When doing a normal read from HDD you can give an error code instead of the requested data and the (userland) application can act accordingly. However with mmap() you've already promised the file/HDD contents to be available in RAM, but haven't actually checked if you can read the HDD. So now when the app tries to access the mmap() RAM it will page fault, the OS tries to load the data into RAM and fails, what now?
I can only think of the following options:
1) Kill the process, nothing can be done
2) Kill only the thread causing the #PF and possibly communicate it to the process (if it has threads remaining) - not sure if the complexity is worth it really
3) Generate an exception for the application which will redirect the thread and something like C++ exception handlers can try to recover from the issue
For #3 there's of course then the possibility that the exception handler is not yet loaded to RAM (or has been swapped to HDD) and that would also cause a #PF and the HDD might not be able to read that either, at this point I don't think you can do anything other than kill the thread or process. Of course this could be prevented by not allowing exception handling code to be swapped to disk and that it must be loaded at startup.
Can you think of any other options or are there any possible other options?
Couple of other notes, this issue gets a bit more complex if you want to do the "right" thing, for example writes could still be committed to the RAM side of the file system and as such the system would continue to operate, but would be unable to commit to HDD. It might at this point notify user and allow user to add external storage (USB HDD, Flash, etc) and maybe even have the data survive a reboot, again probably pretty complex.
This issue is also related to swapping in general, but with swapping I think it's a bit more reasonable to kill the process as it's something the OS is doing completely behind the back of the process anyway. With mmap() files the expectation would be for the process to "read" disk thru RAM and so not crash the app, but rather give an error so the app can continue to operate appropriately.
If the kernel doesn't rely on mmap() and similar techniques then this issue should be entirely userland, so no need to make it even more complex and try to fix it in kernel as well =)

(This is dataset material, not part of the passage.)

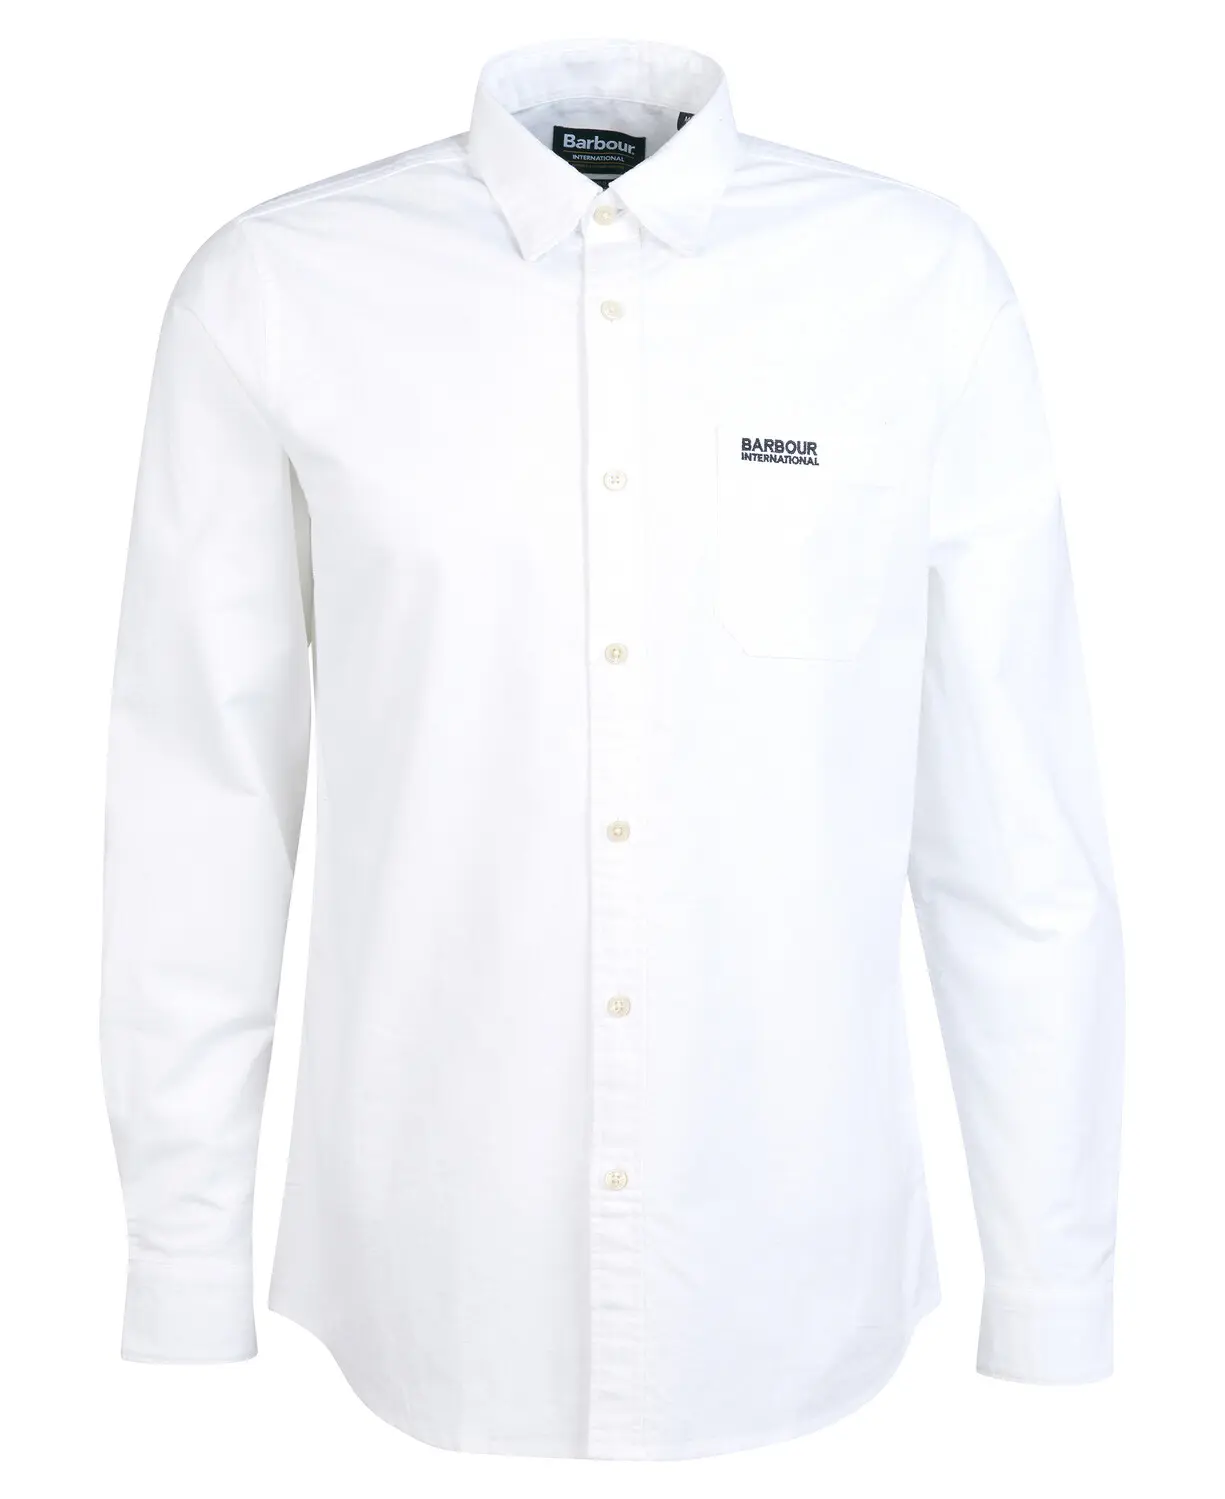 Barbour Barbour International Kinetic Shirt White

When doing a normal read from HDD you can give an error code instead of the requested data and the (userland) application can act accordingly. However with mmap() you've already promised the file/HDD contents to be available in RAM, but haven't actually checked if you can read the HDD. So now when the app tries to access the mmap() RAM it will page fault, the OS tries to load the data into RAM and fails, what now?
I can only think of the following options:
1) Kill the process, nothing can be done
2) Kill only the thread causing the #PF and possibly communicate it to the process (if it has threads remaining) - not sure if the complexity is worth it really
3) Generate an exception for the application which will redirect the thread and something like C++ exception handlers can try to recover from the issue
For #3 there's of course then the possibility that the exception handler is not yet loaded to RAM (or has been swapped to HDD) and that would also cause a #PF and the HDD might not be able to read that either, at this point I don't think you can do anything other than kill the thread or process. Of course this could be prevented by not allowing exception handling code to be swapped to disk and that it must be loaded at startup.
Can you think of any other options or are there any possible other options?
Couple of other notes, this issue gets a bit more complex if you want to do the "right" thing, for example writes could still be committed to the RAM side of the file system and as such the system would continue to operate, but would be unable to commit to HDD. It might at this point notify user and allow user to add external storage (USB HDD, Flash, etc) and maybe even have the data survive a reboot, again probably pretty complex.
This issue is also related to swapping in general, but with swapping I think it's a bit more reasonable to kill the process as it's something the OS is doing completely behind the back of the process anyway. With mmap() files the expectation would be for the process to "read" disk thru RAM and so not crash the app, but rather give an error so the app can continue to operate appropriately.
If the kernel doesn't rely on mmap() and similar techniques then this issue should be entirely userland, so no need to make it even more complex and try to fix it in kernel as well =)